The “Real Housewives of Bainbridge” is yet to come. I’m waiting for “Fat Men, Naked and Afraid, in the Woods Waiting for the Real Housewives of Bainbridge”!

“See real full-bodied men dropped by helicopter into the Flint River wilderness, chased by wild hogs, gnats, and mosquitoes, meet naked housewives with frying pans and rolling pins, all while Bikefest can be heard in the background!”

Back to the Glen Campbell film. Its title was “Glen Campbell: I’ll Be Me.” The main player was Glen, himself, but intertwined with the musical icon was his family as they lovingly and, sometimes painfully endured, the singer and entertainer’s declining condition.

As I mentioned earlier, it doesn’t sound too happy. It wasn’t, but life isn’t always a bowl of cherries. I will say this for it. It did not mince words and sights of the debilitating disease, but it also gave us enough of Glen’s unique talent and blessings to be uplifting. In other words, there was pain in the reality of what was happening, but also joy in seeing the courage, vulnerability and faith of one of America’s greatest showmen of the last 50 years.

The high and clear voice of the young Glen Campbell has disappeared. Who can forget “The Wichita Lineman or Galveston”?

When I went to Nashville in the mid 1970s, I couldn’t help but sing “I been walkin’ these streets so long, singing the same old song…but I’m gonna be where the lights are shining on me…Like a Rhinestone Cowboy!”

Unless I contract the same condition as Glen Campbell has, I’ll never forget some of the words to “Gentle on My Mind.”

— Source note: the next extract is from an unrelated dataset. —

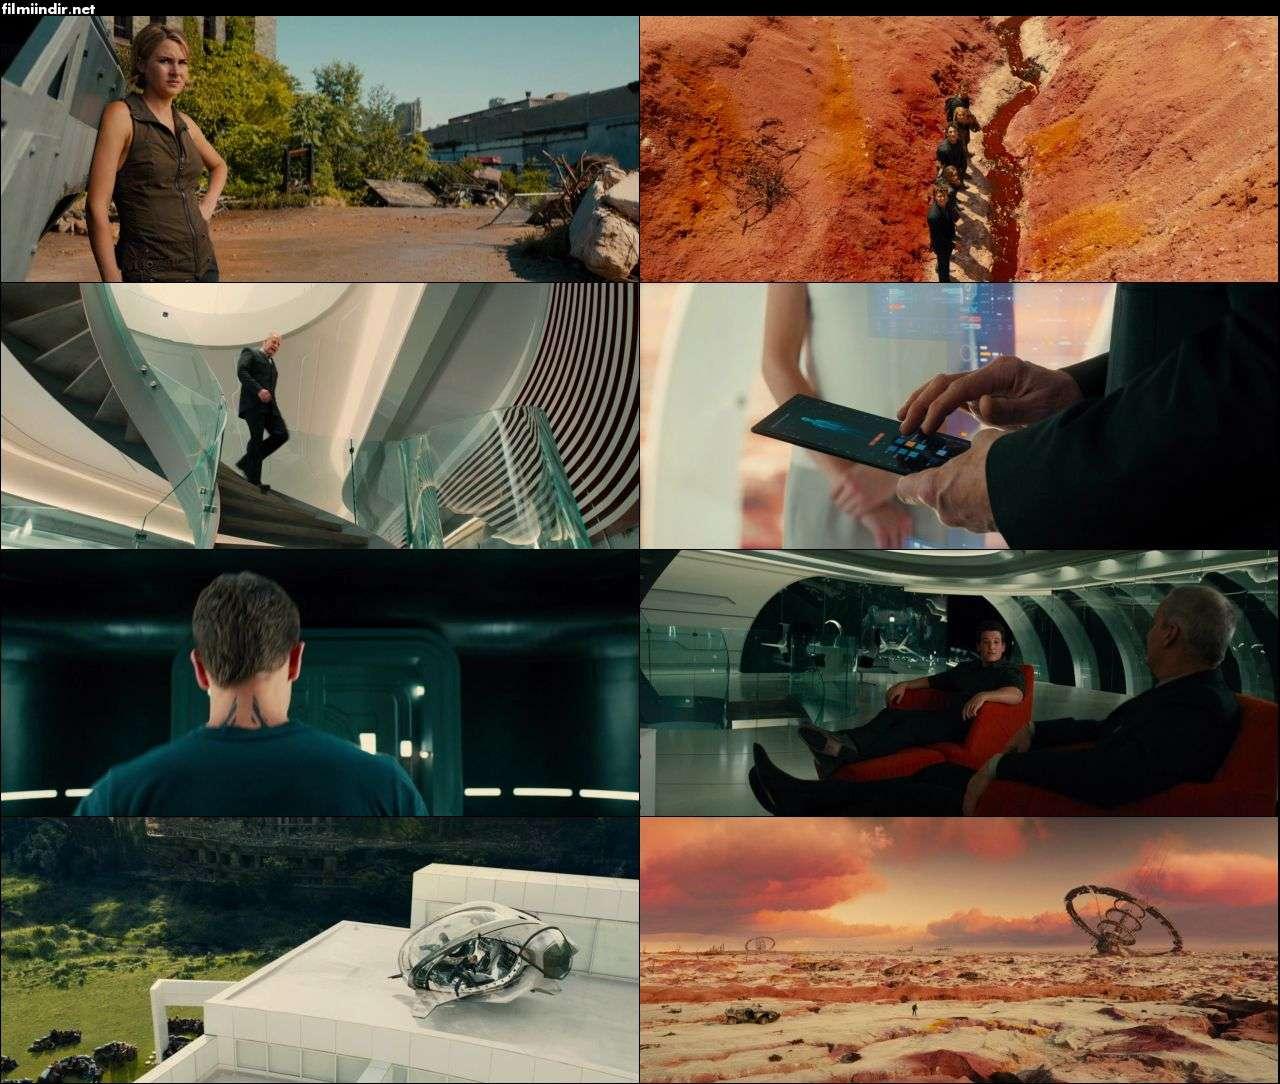 Uyumsuz Serisi: Yandaş - The Divergent Series: Allegiant (2016) türkçe dublaj film indir

The voice has shrunk a little, but it’s still bigger and better than mine! And I could never in a million years play a guitar like Glen Campbell still can. Neither can most of today’s guitarists.

“Glen Campbell: I’ll Be Me” was a joy to see. He fumbled many of the words. He got angry at his loved ones. He might not have known which golf club to choose. But, and this is important, Glen Campbell was still Glen Campbell.

It’s important for us to remember that we may forget who we are and who is around us, but God doesn’t. I saw that in a really, real reality show.